Fortaleza anula normas sobre imunidade incondicionada de ITBI na integralização de imóveis.

23 de fevereiro, 2026

Tributário

Em janeiro de 2026, a Secretaria Municipal das Finanças de Fortaleza (SEFIN) editou a Instrução Normativa (IN) nº 01/2026, reconhecendo que a imunidade do ITBI na integralização de imóveis não dependeria da análise da atividade preponderante da empresa adquirente. Esse entendimento foi mantido pela IN nº 03/2026, que revogou formalmente a norma anterior, mas preservou o reconhecimento da imunidade incondicionada.

No entanto, por meio da recente IN nº 04/2026, publicada em 06/02/2026, a SEFIN declarou a nulidade de ambas as normas, tornando-as sem efeito desde a origem.

Os fundamentos foram dois: (i) a IN nº 01/2026 foi editada com vício quanto aos pressupostos de fato, uma vez que o Tema nº 1.348 ainda não teve tese fixada pelo STF — o julgamento está suspenso por pedido de vista do Ministro Gilmar Mendes —; e (ii) a IN nº 03/2026 supostamente extrapolou a competência da SEFIN ao interpretar dispositivo constitucional sobre o qual o STF ainda não se pronunciou definitivamente.

Com a anulação promovida pela IN nº 04/2026, o entendimento da SEFIN retorna ao estado anterior: a imunidade de ITBI nas operações de integralização de imóveis ao capital social é condicionada à inexistência de atividade preponderantemente imobiliária na empresa adquirente.

O efeito retroativo da anulação, contudo, suscita uma questão relevante: as operações realizadas entre 26/01/2026 e 06/02/2026 — período de vigência das INs nº 01 e 03 — ficam, em tese, sujeitas ao entendimento anterior da SEFIN. Isso significa que, mesmo nos casos em que a imunidade já havia sido reconhecida administrativamente para uma operação específica, esse reconhecimento poderia ser revisto.
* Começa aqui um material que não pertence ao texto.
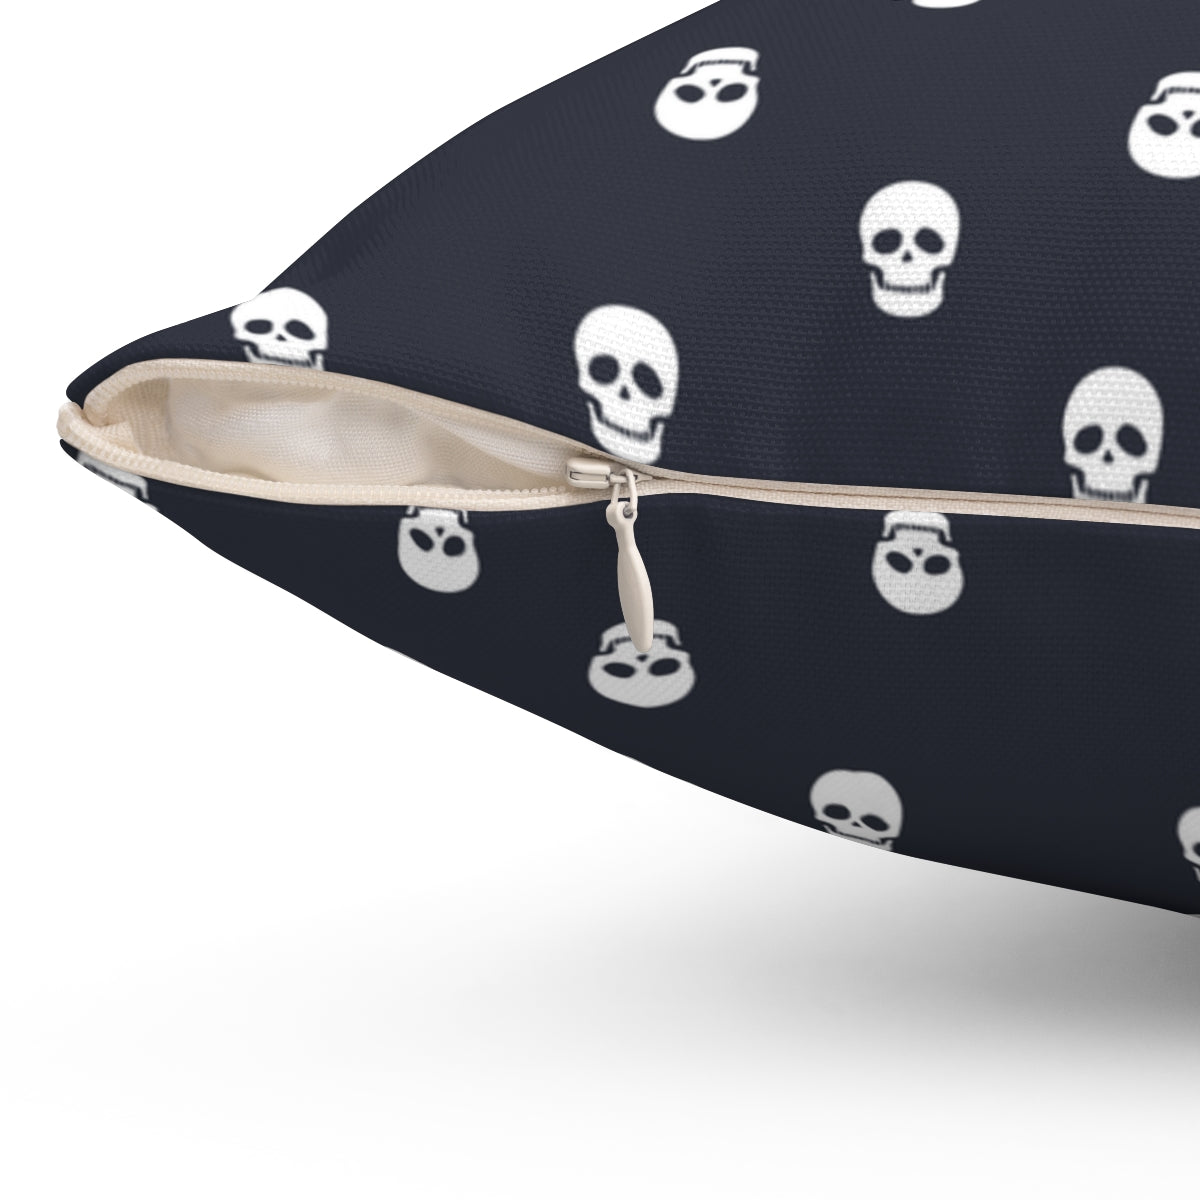 Scary Skulls Pillow Cover / Halloween / Dark Gray

Contudo, a aplicação retroativa da IN nº 04/2026 a situações já consolidadas é juridicamente questionável e merece acompanhamento.

Diante desse cenário, contribuintes que obtiveram o reconhecimento administrativo da imunidade durante o período de vigência das INs nº 01 e 03/2026 devem estar atentos à possibilidade de revisão desses reconhecimentos pela SEFIN. Recomendamos, ainda, o acompanhamento do julgamento do Tema nº 1.348/STF, cuja conclusão será determinante para essa matéria.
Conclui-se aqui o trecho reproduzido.